• DATA SECTION
▽

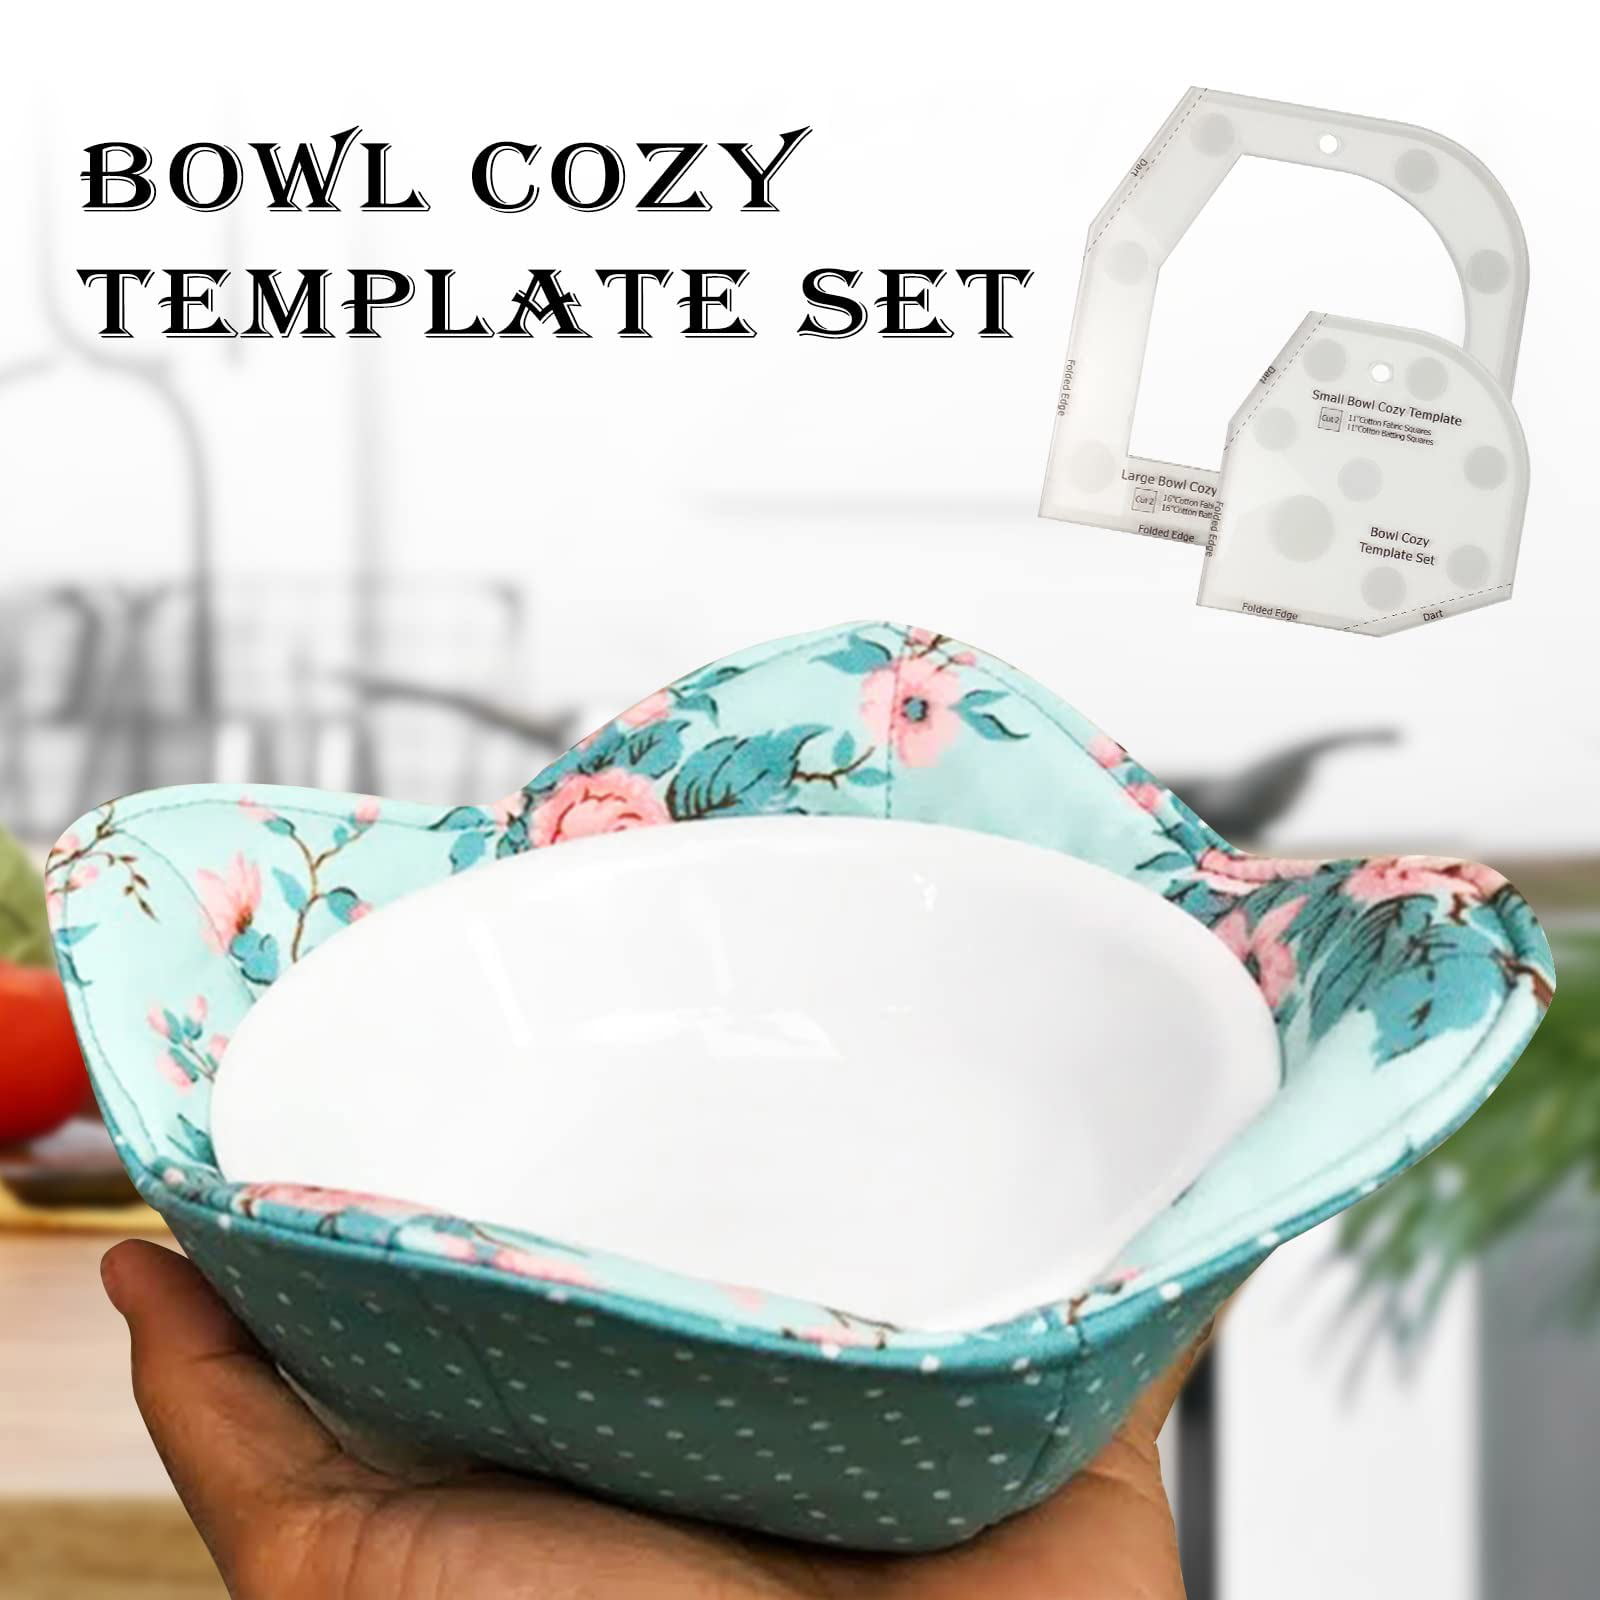 10 inches Bowl Cozy Pattern Template for Sewing,DIY Craft Stencil Cut on Fold Template Sewing,Clear Acrylic Bowl Wrap Sewing Pattern Template Quilting Template Bowl Cozy Template Cutting Ruler Set 
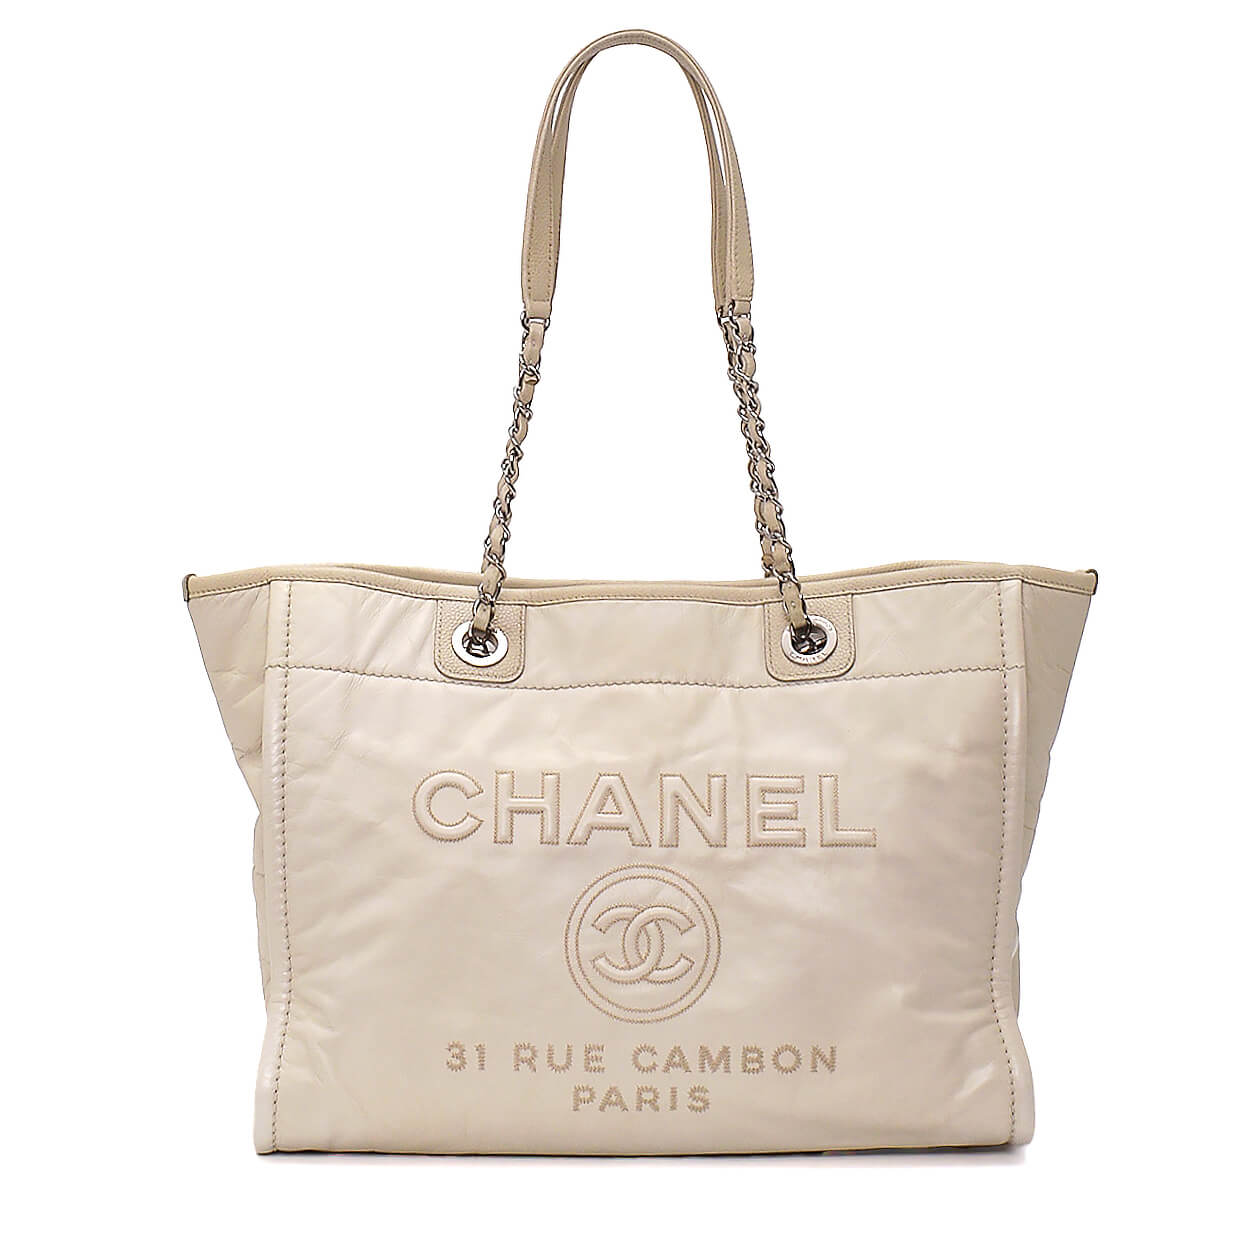 Chanel - White Leather Deauville Small Bag
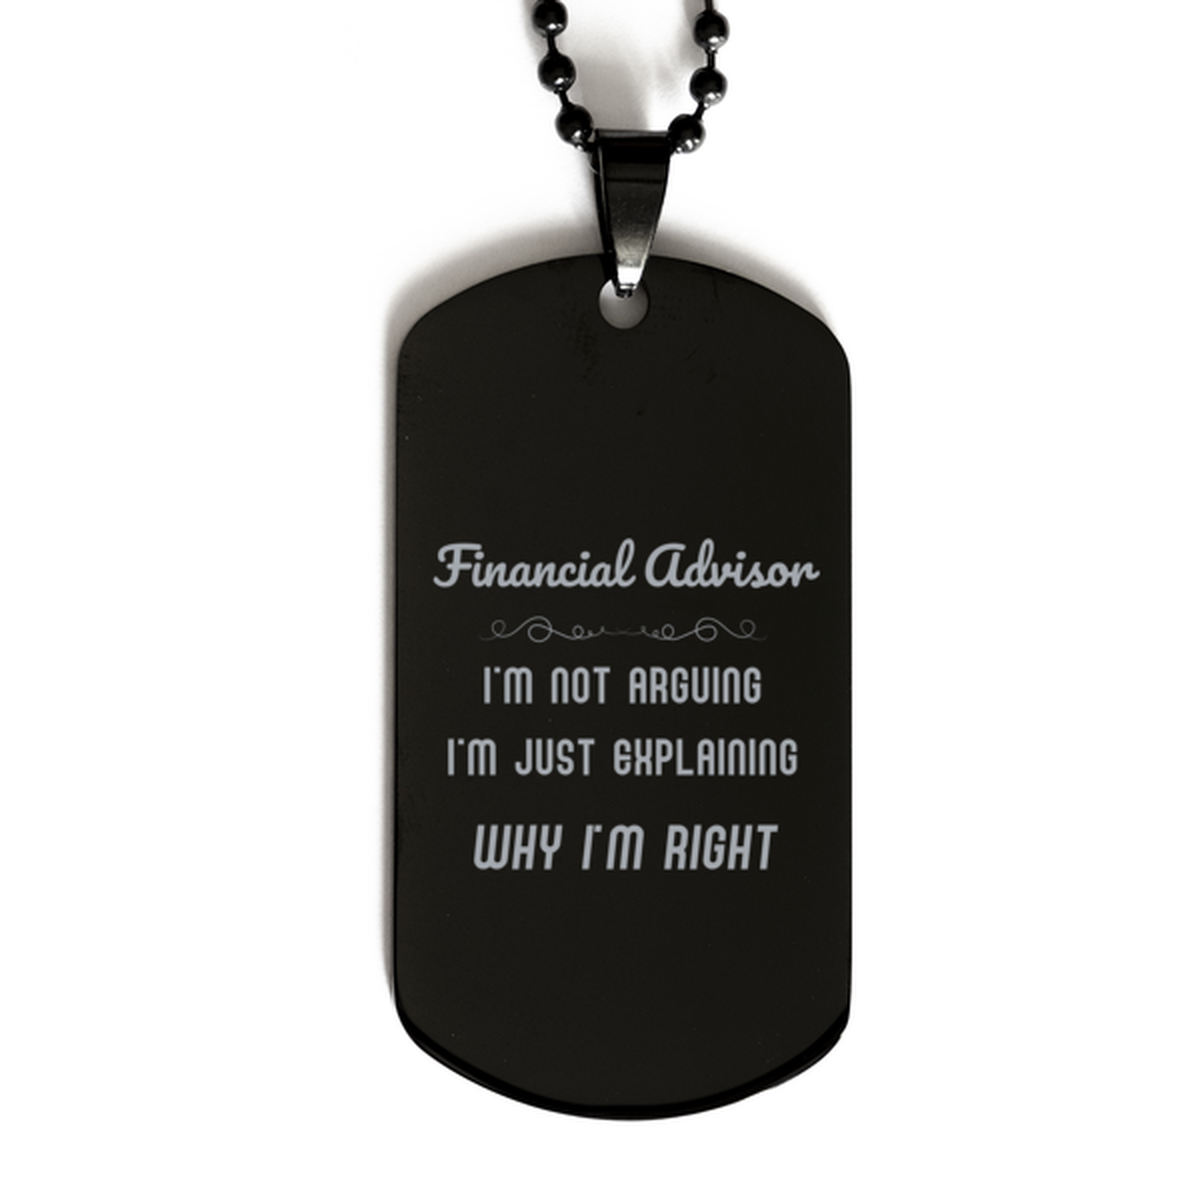 Financial Advisor I'm not Arguing. I'm Just Explaining Why I'm RIGHT Black Dog Tag, Funny Saying Quote Financial Advisor Gifts For Financial Advisor Graduation Birthday Christmas Gifts for Men Women Coworker
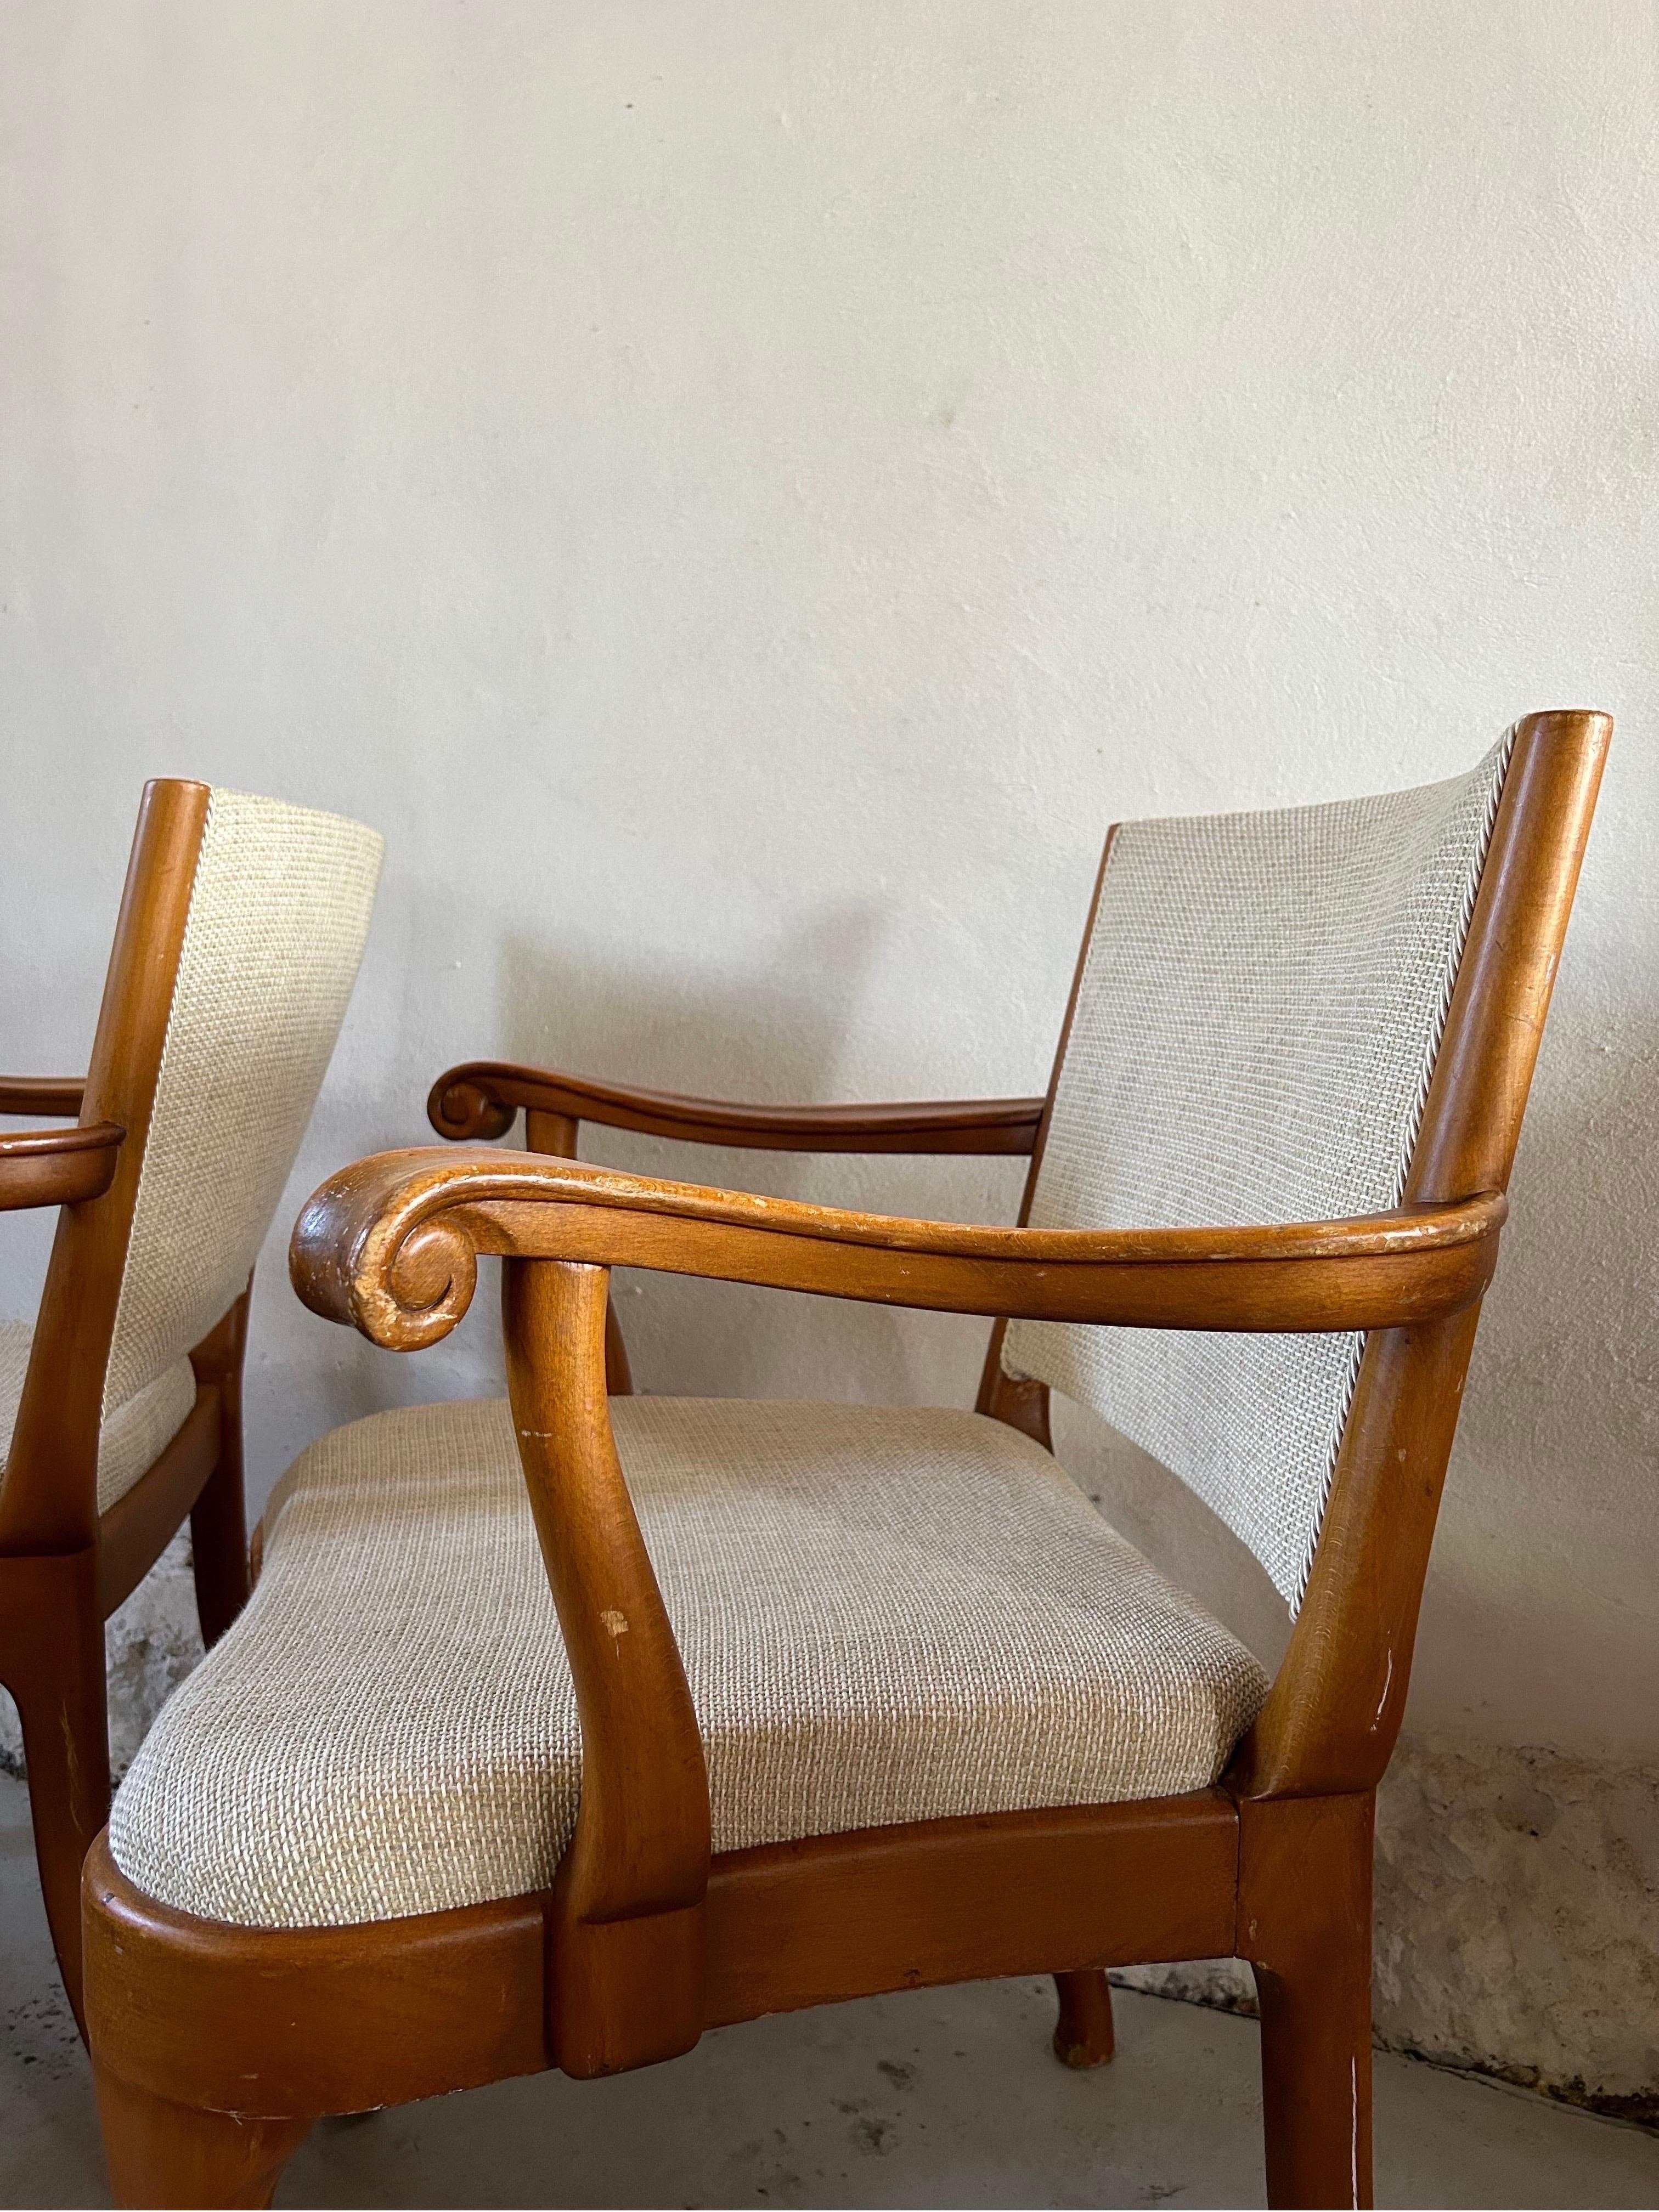 Early 20th Century Pair of Arts and Crafts Armchairs by Thorvald Jørgensen for Fritz Hansen 1910’s For Sale

△

• TRY IT
Omit any images, then output the listing exactly.

• TASK ANSWER
 10 inches Bowl Cozy Pattern Template for Sewing,DIY Craft Stencil Cut on Fold Template Sewing,Clear Acrylic Bowl Wrap Sewing Pattern Template Quilting Template Bowl Cozy Template Cutting Ruler Set 
 Chanel - White Leather Deauville Small Bag
 Financial Advisor I'm not Arguing. I'm Just Explaining Why I'm RIGHT Black Dog Tag, Funny Saying Quote Financial Advisor Gifts For Financial Advisor Graduation Birthday Christmas Gifts for Men Women Coworker
 Early 20th Century Pair of Arts and Crafts Armchairs by Thorvald Jørgensen for Fritz Hansen 1910’s For Sale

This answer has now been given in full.